Net Interest Income: Making Money While Your Cash Sits Still
Here’s a revenue stream that often flies under the radar: net interest income. When you deposit cash into your brokerage account and don’t immediately invest it, that money doesn’t just sit there doing nothing for the broker. Online brokers typically sweep uninvested cash into interest-bearing accounts or short-term securities, earning interest on your balance while often paying you a much lower rate — or none at all — in return.
This is one of the quieter but more reliable ways online brokers make money, especially in periods of higher interest rates. For brokers with large numbers of users holding uninvested cash, this line item alone can generate billions of dollars annually. It’s also one reason brokers encourage you to keep a cash cushion in your account rather than transferring every spare dollar out immediately.
Margin Lending: Charging Interest on Borrowed Money
If you’ve ever used margin to trade — essentially borrowing money from your broker to buy more securities than your cash balance would normally allow — you’ve contributed directly to another core way online brokers make money. Margin loans carry interest rates that are often well above what the broker itself pays to access that capital, and the spread between those two numbers is pure profit. For active or leveraged traders, margin lending can be one of the most lucrative parts of a broker’s entire business model.
Fees on Specialized Products
While stock and ETF trades are frequently commission-free, that’s rarely the whole story. Online brokers still make money by charging for options contracts, futures trades, mutual fund transactions, and bond purchases — categories where per-contract or per-trade fees remain common even at brokers that heavily advertise “free trading.” Premium research tools, advanced trading platforms, and managed portfolio services often come with subscription or advisory fees as well, adding yet another layer to how online brokers make money beyond the basic trade execution business.
Why This Matters for You as a Trader
Understanding how online brokers make money isn’t just trivia — it directly affects the quality of your trade execution. Because payment for order flow creates a financial incentive to route your order to whichever market maker pays the most, rather than whichever one offers the best price, some critics argue this creates a built-in conflict of interest. In practice, regulations require execution at or better than the National Best Bid and Offer, so most retail traders see only a marginal difference. But for high-volume or options traders, those marginal differences can add up meaningfully over a year of active trading.

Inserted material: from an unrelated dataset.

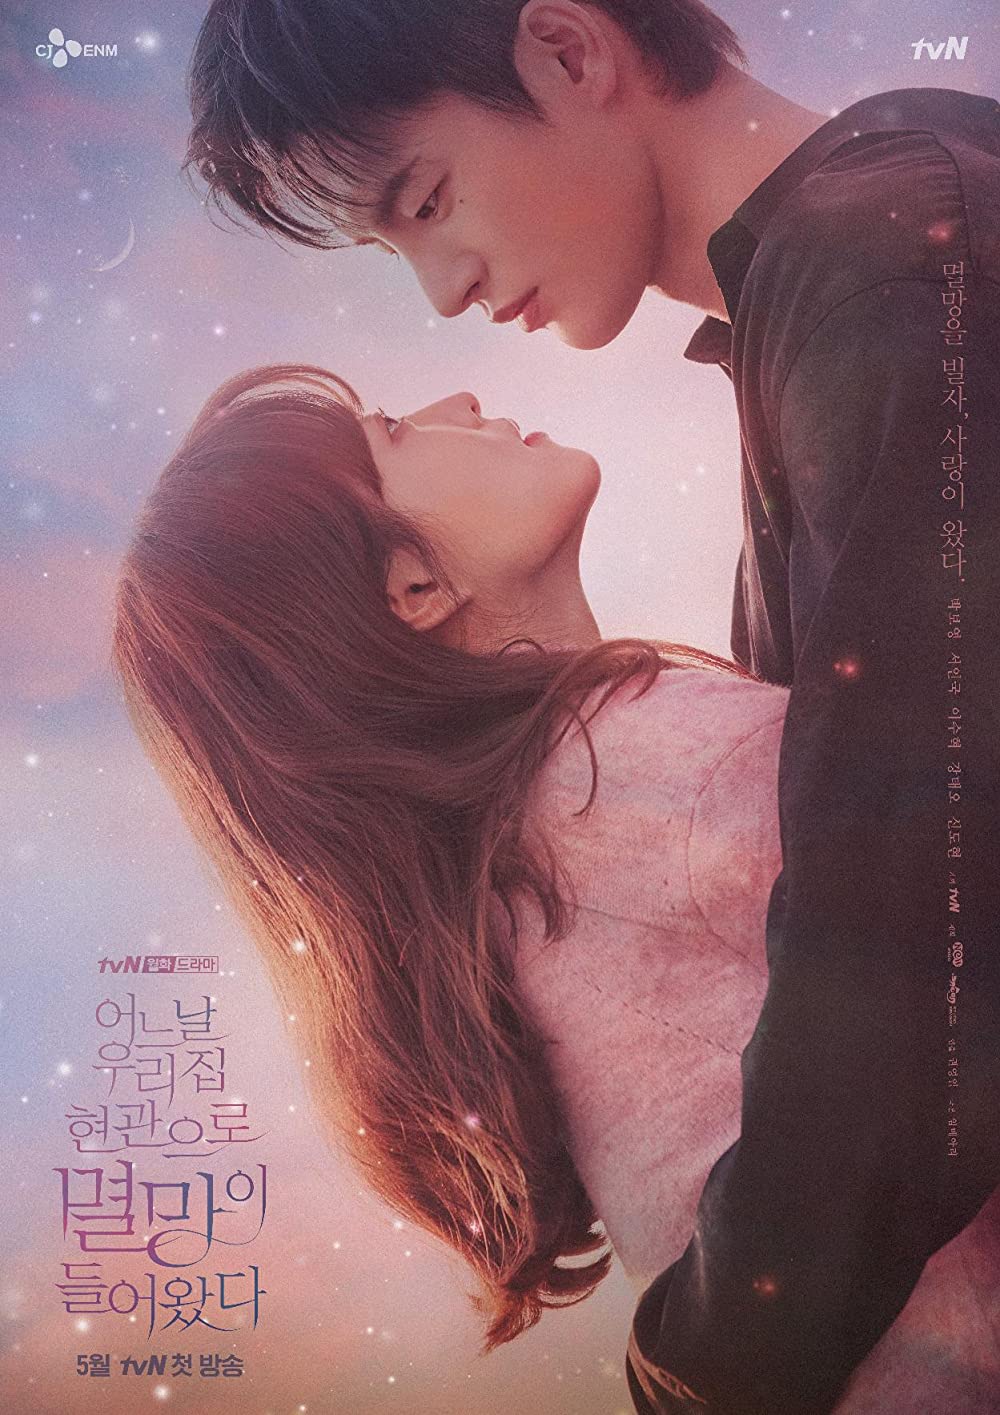 2020 korean romantic movies Best Romantic

The bigger picture is this: no online broker gives away its services for free. Whether the revenue comes from payment for order flow, interest income, margin lending, or product fees, every broker’s business model is built to be profitable. That’s not a red flag — it’s just business. What matters is transparency. The best online brokers make money in ways that are clearly disclosed, don’t quietly work against your interests, and still leave you with a genuinely lower cost of trading than the commission-heavy world of twenty years ago.
The Bottom Line
Online brokers make money in more layered ways than most traders realize, and “commission-free” almost never means “revenue-free” for the platform. Payment for order flow, interest on cash, margin lending, and product-specific fees all combine to keep these businesses profitable. Knowing exactly how your online broker makes money — and reading its Rule 606 order-routing disclosures if you’re in the US — is one of the simplest ways to make sure the platform you’re trading on is actually working in your favor.